Under these historical conditions parents began to develop a new sensitivity to their children’s situation, and a commitment to change it.


The Formation of Early Parent Groups in the United States

The final topic I will cover in setting the historical stage for the development of AHRC is its relationship to other parent groups that preceded it. While it is well-documented that AHRC was a leader in the parent movement, it was not the first parent group to form around the interests of their children with mental retardation. As Elizabeth Boggs said in an interview in 1972, generally the first groups recognized for such efforts are groups associated with children in particular institutions. The Council for Retarded Children in Cayuga County in Ohio formed in 1932, the Children’s Benevolent League, who’s motto was “Health, Happiness and Security of Handicapped Children,” soon followed in 1934 in the state of Washington, and in New York State the Welfare League for Retarded Children was begun in 1939. The Welfare League consisted of parents of children and adults who resided at Letchworth Village. The group was concerned with providing their children with gifts, recreational programs, and better facilities. The Welfare League, at least during the 1940’s, is portrayed in several sources as a small group that was basically apolitical. While this was to change in the 1950’s, The League, before and during the formative years of AHRC, was not a political force in the state for children with mental retardation.

The same year as AHRC was incorporated, the Benevolent Society for Retarded Children was formed to help children who had been placed in Willowbrook State School.

Three years following this the Sunshine League for Retarded Children came into existence around the interests of children in Wassaic State School.

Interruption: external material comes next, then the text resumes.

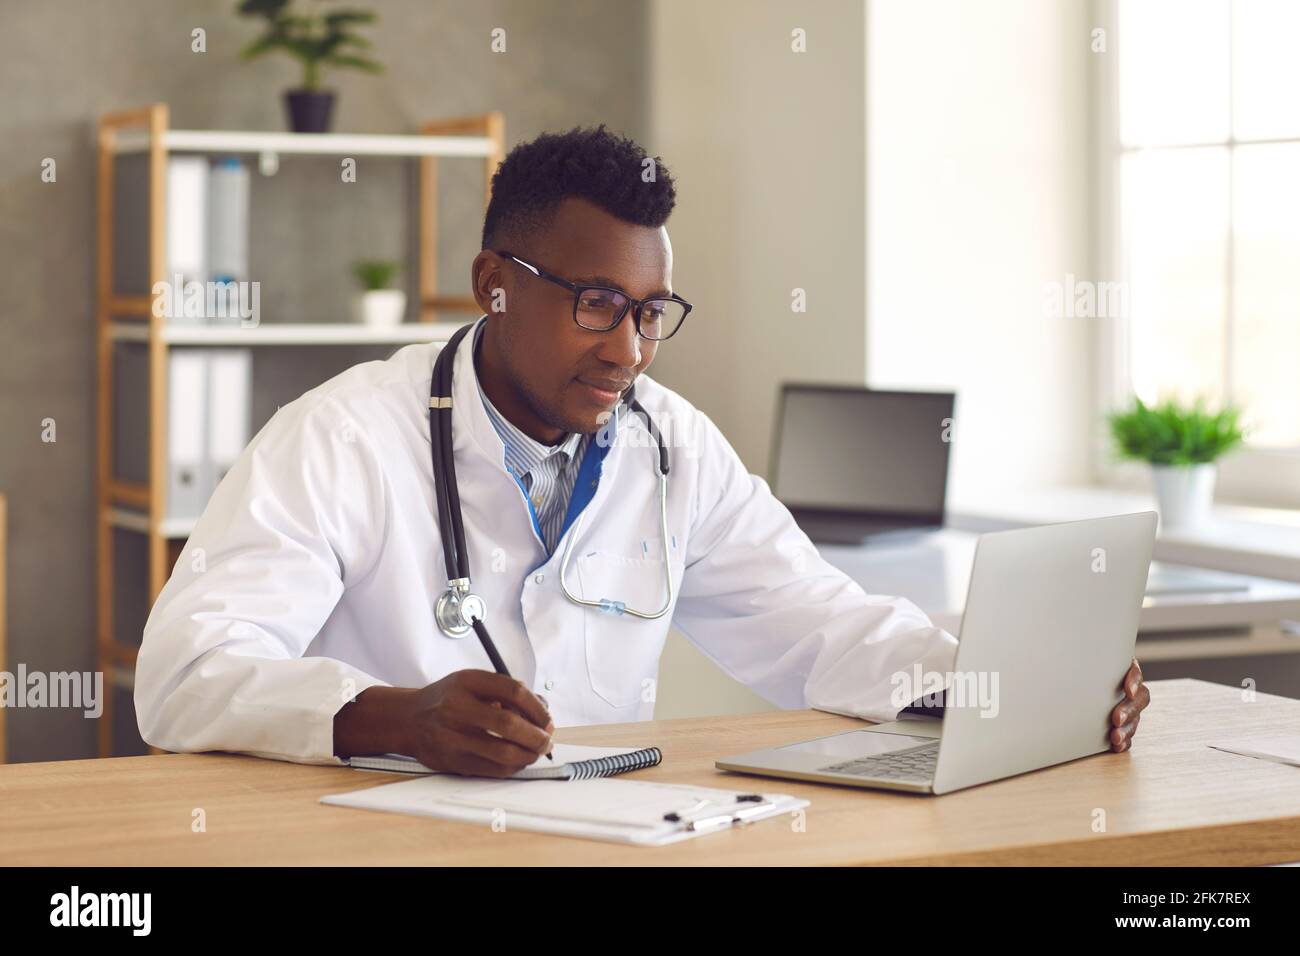 Médecin professionnel de la santé regardant l'écran d'ordinateur portable et écrivant des notes sur papier Banque D'Images

The institution-based parent groups did not have a statewide organization and did not become a political force in the state until after AHRC was formed and began intensive political and public awareness efforts. In response the institutional-based parent groups then formed the Council for Retarded Children and the relationship between the community-based groups and institutional-based ones was very uneasy throughout the 1950’s until they resolved their differences.

The important thing for the reader to take away from this discussion of parent groups before AHRC is that none, including those in other states, were interested in community-based services for children with retardation. Furthermore, none articulated or advocated for a general approach to the problem of mental retardation on a political level. This left the actual decision-making power in the field entirely in the hands of a small group of professionals, and without pressure from parents, they showed little interest in expanding services for this population. Mental health professionals, educators and institution directors were ineffective in dealing with the issues facing most families with a child with retardation.

After the war, as a result of the factors and changes described briefly above, the lack of services for these families was remarkable. The conception and birth of AHRC was in some ways a product of this situation.